為首的修士臉色大變,他能感覺到,天道司總壇那邊傳來的訊號,突然中斷了。

“怎麽迴事?”為首的修士喃喃自語,“追蹤咒的訊號怎麽會斷?”

就在這時,天空中的雲層突然裂開了一道縫隙,一道金色的流光從縫隙中閃過,速度快得驚人,瞬間就消失在了天際。

謝棲白看著那道金色流光,瞳孔驟然收縮,他認得那道流光,那是天道司的傳訊符,專門用來傳遞緊急訊息的。

難道天道司的總壇那邊,出了什麽事?

還沒等他想明白,一道冰冷而熟悉的聲音,突然從雲層深處傳來,響徹整個界隙:

“謝棲白,有趣的小家夥。”

那聲音帶著一股強大的威壓,像是一座大山,壓得人喘不過氣。

聽到這個聲音的瞬間,謝棲白和柳疏桐的臉色同時大變。

這個聲音,他們太熟悉了。

是顧明夷!

天道司的主祭,顧明夷!

那些黑色鎧甲的修士聽到這個聲音,紛紛跪倒在地,身體瑟瑟發抖,語氣恭敬到了極點:“參見主祭大人!”

為首的修士更是激動得渾身顫抖,他跪在地上,大聲道:“主祭大人,屬下正在攻打萬仙典當行,即將抓住謝棲白和柳疏桐,奪取因果樹幼苗!”

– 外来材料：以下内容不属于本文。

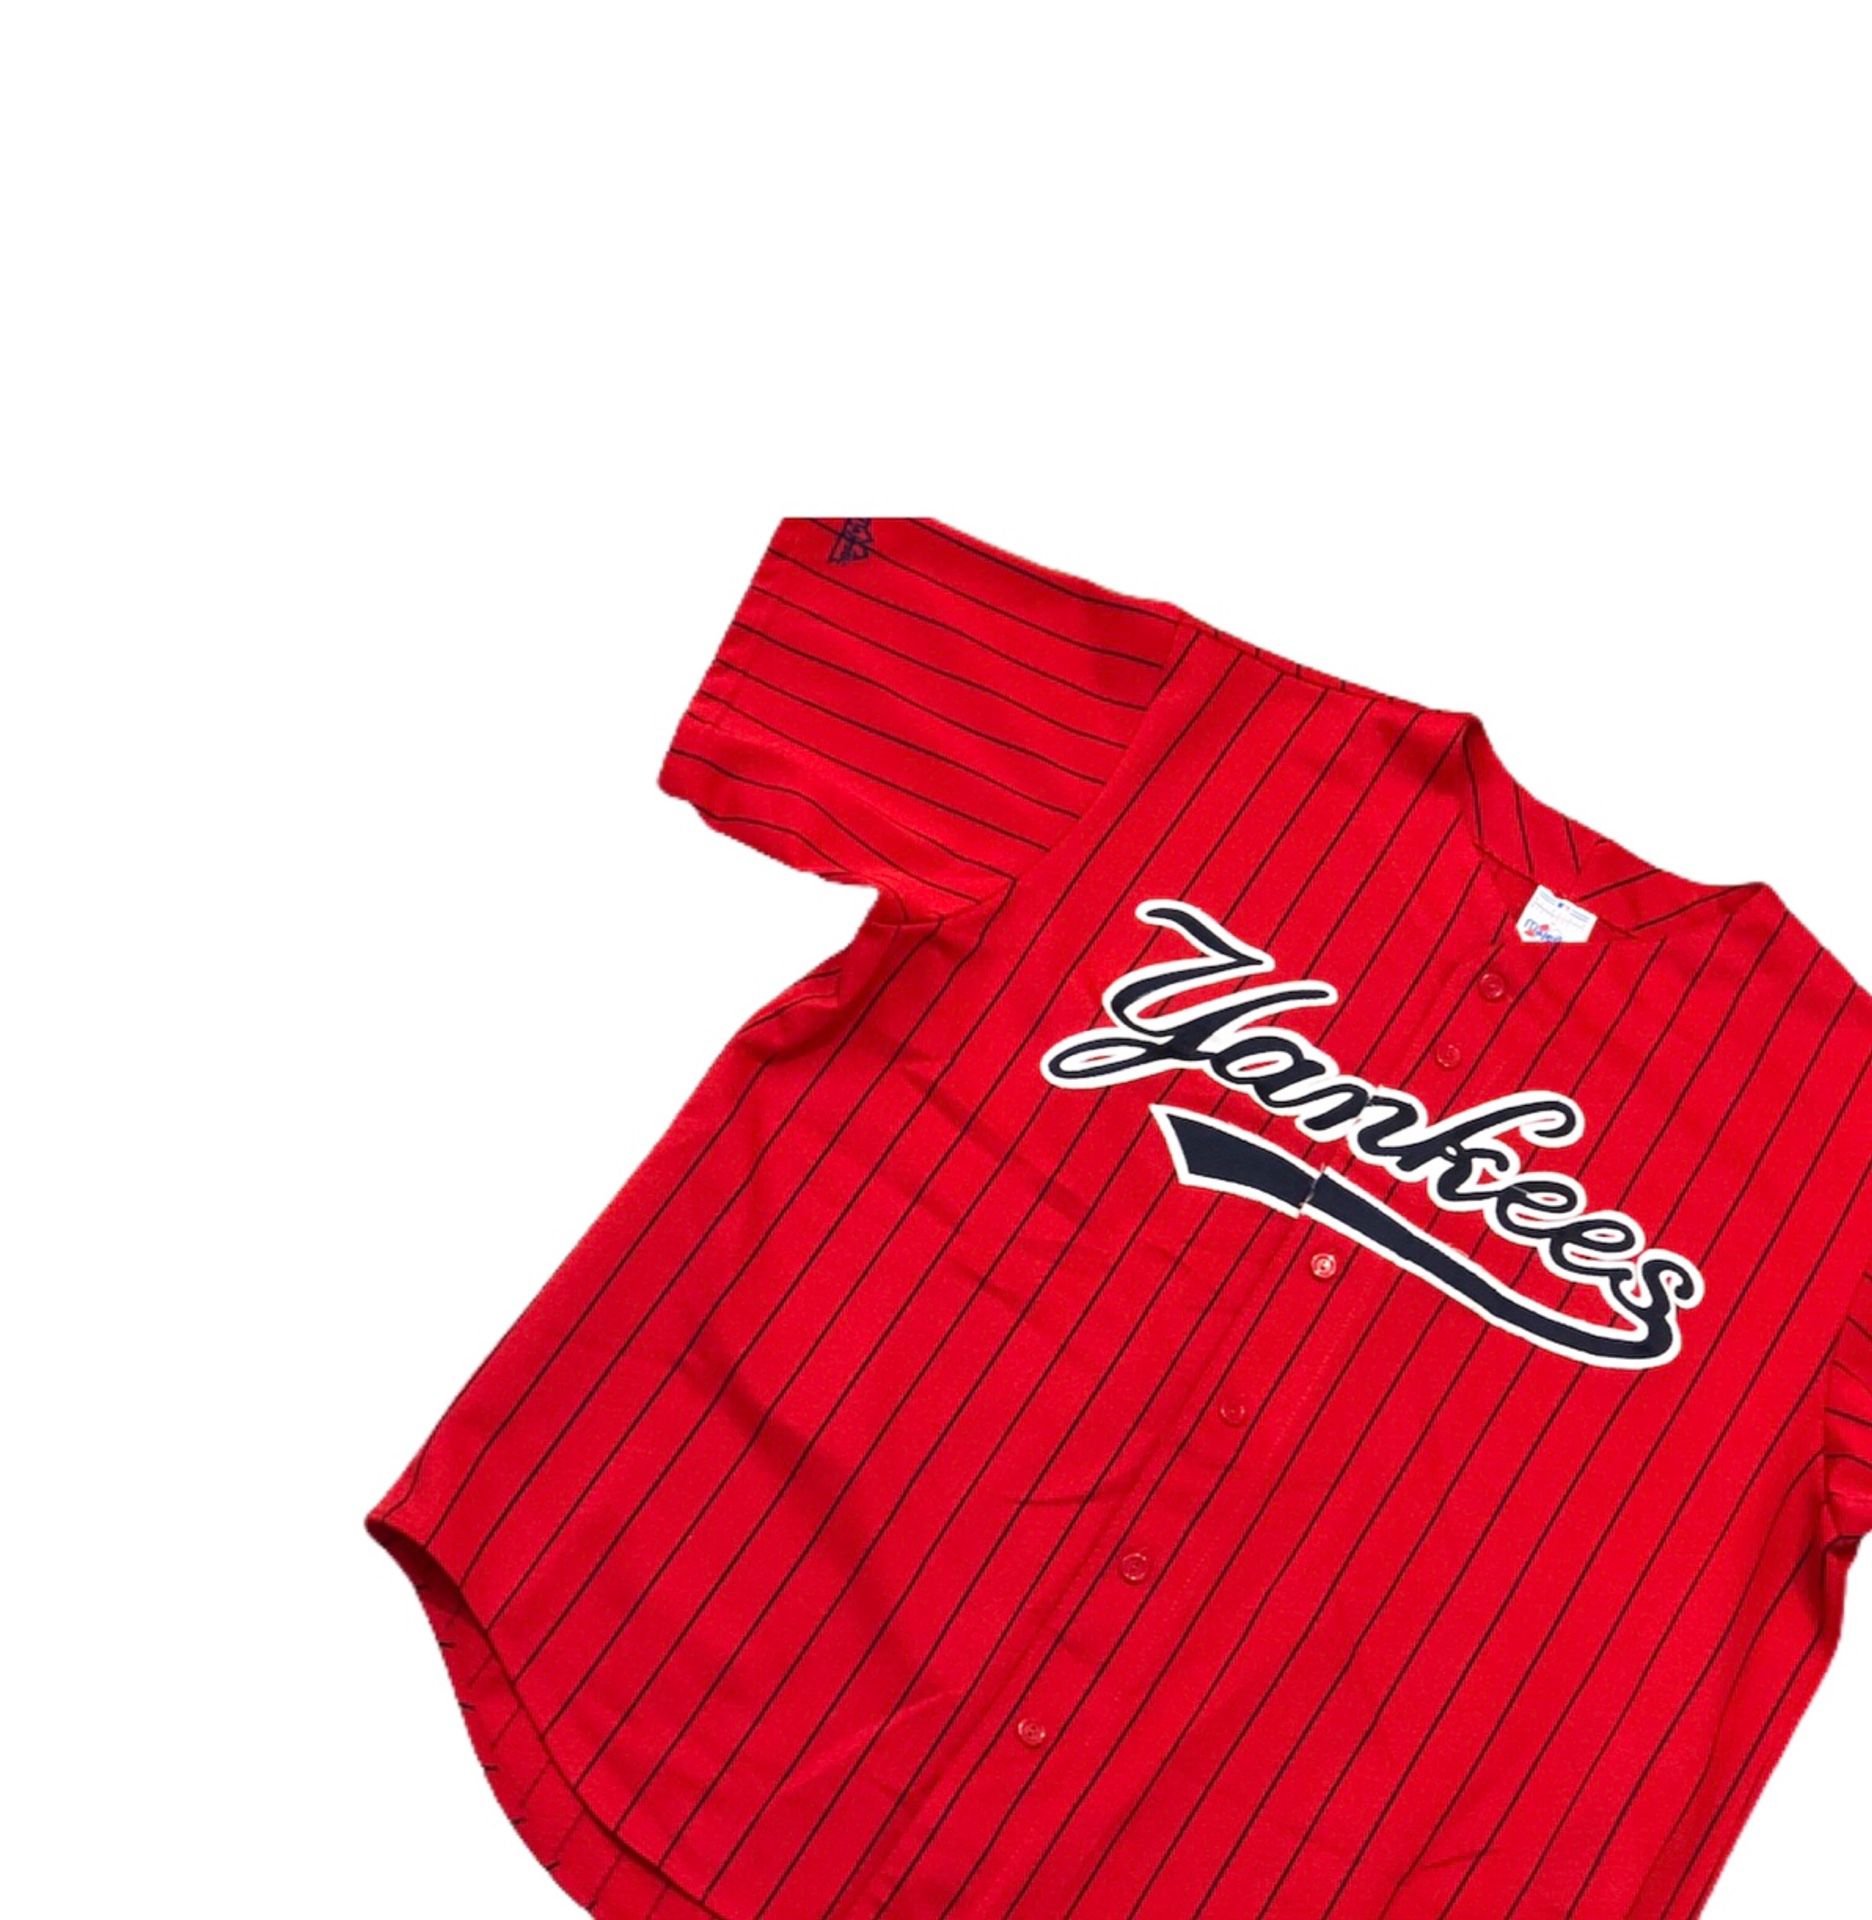 MAJESTIC NEW YORK YANKEES MLB BASEBALL JERSEY SZ: XL – Stay Alive vintage  store

雲層深處沒有傳來任何迴應,但那股威壓卻越來越強,讓整個界隙的空氣都變得粘稠起來。

謝棲白握緊了銅鑰匙,他能感覺到,顧明夷的氣息就在雲層之上,雖然沒有現身,但那股強大的力量,卻讓他渾身的汗毛都豎了起來。

柳疏桐的身體微微顫抖,她的手緊緊抓著謝棲白的衣袖,眼底充滿了恐懼,卻也充滿了恨意。

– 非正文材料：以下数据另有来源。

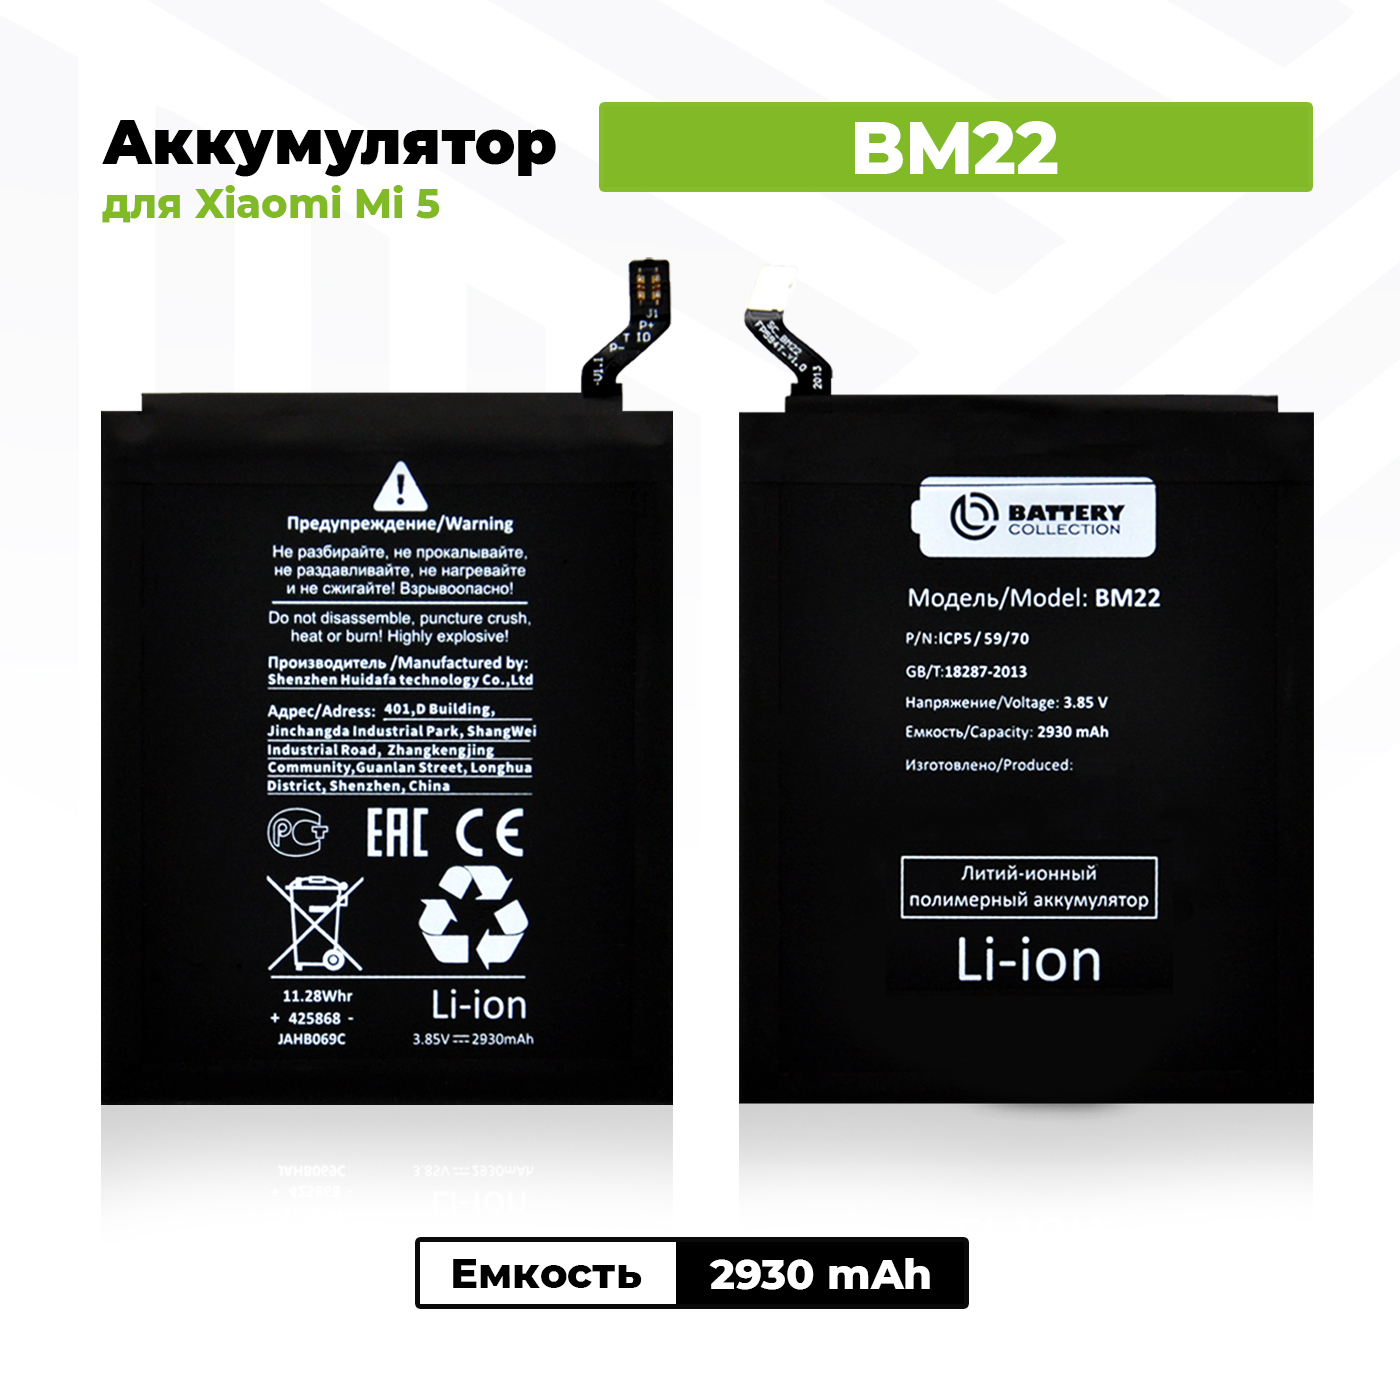 Bm22 аккумулятор. Bm52 аккумулятор. Батарейка bm5g. Battery collection чехлы для Xiaomi. Battery collection

是顧明夷,毀了青玄宗,殺了師父和師姐,現在又要來殺他們。

“顧明夷!”柳疏桐抬起頭,朝著雲層的方向大喊,聲音裏充滿了悲憤和決絕,“你有本事就下來!躲在雲層裏算什麽英雄好漢!”

雲層深處依舊沒有迴應,但那股威壓卻陡然增強,一股無形的力量朝著柳疏桐襲來,像是一隻無形的大手,要將她捏碎。

謝棲白臉色一變,他立刻擋在柳疏桐身前,催動全部的因果力,金色的光罩瞬間將兩人包裹。

“砰!”

無形的力量狠狠撞在光罩上,光罩瞬間崩裂,謝棲白和柳疏桐同時倒飛出去,重重地摔在地上,嘴角溢位了鮮血。

柳疏桐隻覺得五髒六腑都像是移了位,她掙紮著想要爬起來,卻發現渾身的力氣都像是被抽空了。

她看著雲層的方向,眼底充滿了不甘。

難道,今天他們就要死在這裏了嗎?

謝棲白掙紮著坐起身,他擦了擦嘴角的鮮血,抬頭看向雲層,眼神冰冷而銳利。

他知道,顧明夷之所以沒有現身,不是因為他不敢,而是因為他在戲耍他們,就像是貓捉老鼠,要將他們的希望一點點碾碎。

“顧明夷!”謝棲白的聲音響徹整個當鋪,“你想怎麽樣?”

雲層深處終於傳來了顧明夷的聲音,依舊冰冷刺骨,帶著一絲嘲諷:

“不怎麽樣。”

“我隻是想看看,你這因果引路人,到底有多大的能耐。”

“還有,柳疏桐,你的魔紋,很有意思。”

“我期待著,你墮入魔道的那一天。”

話音落下,那股威壓驟然消失,雲層緩緩合攏,彷彿什麽都沒有發生過。

那些跪倒在地的修士,這纔敢慢慢站起身,為首的修士看著地上的謝棲白和柳疏桐,眼神裏充滿了殺意。

他緩緩舉起長槍,朝著兩人走去,嘴角勾起一抹殘忍的笑容:“現在,該送你們上路了。”

謝棲白和柳疏桐對視一眼,都從對方的眼裏看到了決絕。

他們掙紮著站起身,背靠背站著,謝棲白握著銅鑰匙,柳疏桐握著青鋒劍,眼神堅定地看著越來越近的修士。

就算是死,也要拉上幾個墊背的。

界隙的風,颳得更急了,捲起漫天的砂礫,模糊了天地。

當鋪裏的因果樹幼苗,葉片微微晃動,綠光忽明忽暗,像是在為他們的命運擔憂。

一場生死之戰,再次拉開了序幕。